Edward S. Curtis fue un gran apasionado de la vida y el espíritu libre que rodeaba la vida de los indios de Norteamérica. Deseó con todas sus fuerzas dejar grabado en imágenes los últimos filamentos que, como en un estrecho cordón umbilical, unían culturas milenarias al vacío histórico al que habían sido expuestas. Durante treinta largos años convivió con innumerables tribus granjeándose su confianza y logrando con ello captar momentos íntimos vetados para cualquier otro. En su cuaderno de campo, realizaba tareas antropológicas, llevando a cabo una labor de documentación que más tarde serviría como una inagotable fuente de información histórica. Su metodología fue duramente criticada. Al no tener formación académica, la relación sistemática de sus trabajos fueron duramente desprestigiados, llegándose a afirmar que engatusaba a los indios para que posasen con sus trajes en actitudes que más réditos podían proporcionar a la imagen, buscando ése contacto presupuesto entre indio y naturaleza que tanto gustaba en aquella época a la alta burguesía americana.

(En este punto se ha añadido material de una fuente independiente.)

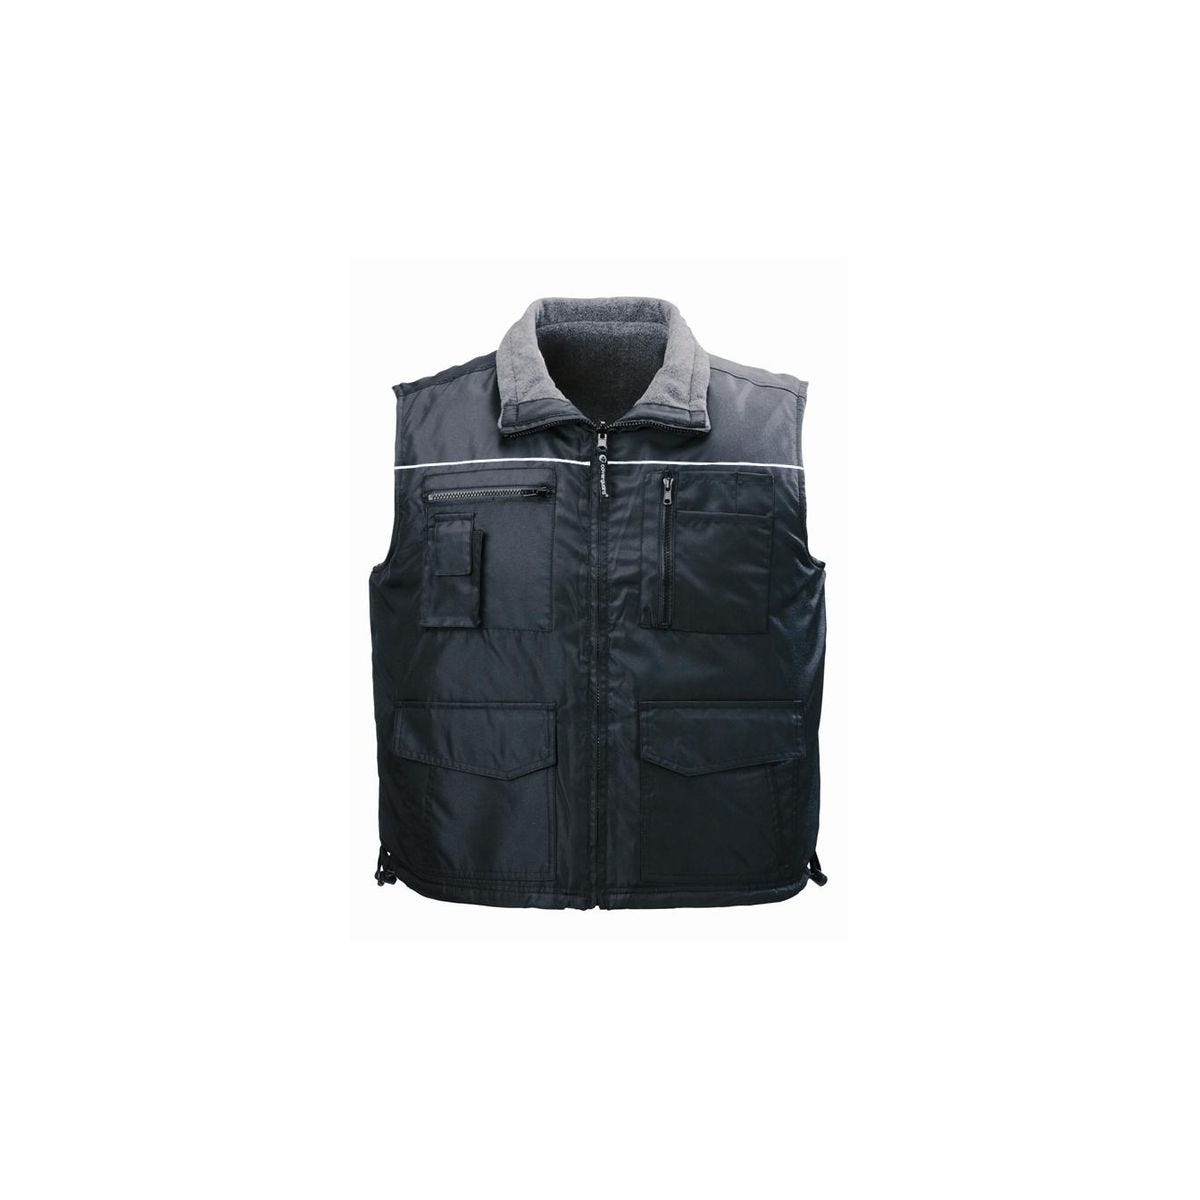 CARISTE Gilet Froid réversible noir, Polyester Oxford + Polaire 280g/m² - Coverguard - Taille L 0

Lo cierto es que gracias a Edward, gracias a su autodidáctica manera de operar sobre el terreno, gracias a su valentía y tesón, hoy día, podemos contemplar cómo eran y qué intentaron trasmitir los indios a través de las imágenes en las que quedaron cautivos, observando en muchos casos, el miedo en las pupilas del guerrero, el coraje cautivo de la mujer india, el miedo contenido o el orgullo indeleble pese al genocidio sufrido.
Perdido entre mil territorios y bosques, Edward se olvidó incluso de que tenía una familia. Padre de cuatro hijos, quedó desposeído de todos sus bienes cuando su esposa Clara J.Phillips denunció a las autoridades abandono de hogar. Sus volúmenes sobre los indios comenzaros a no tener la misma acogida entre el público y la financiación de sus viajes se terminó. Tras treinta años fotografiando más de ochenta tribus norteamericanas, con un resultado de más de 40.000 fotografías, terminó arruinado y paradójicamente en el mismo olvido del cual quiso rescatar a los pueblos indios.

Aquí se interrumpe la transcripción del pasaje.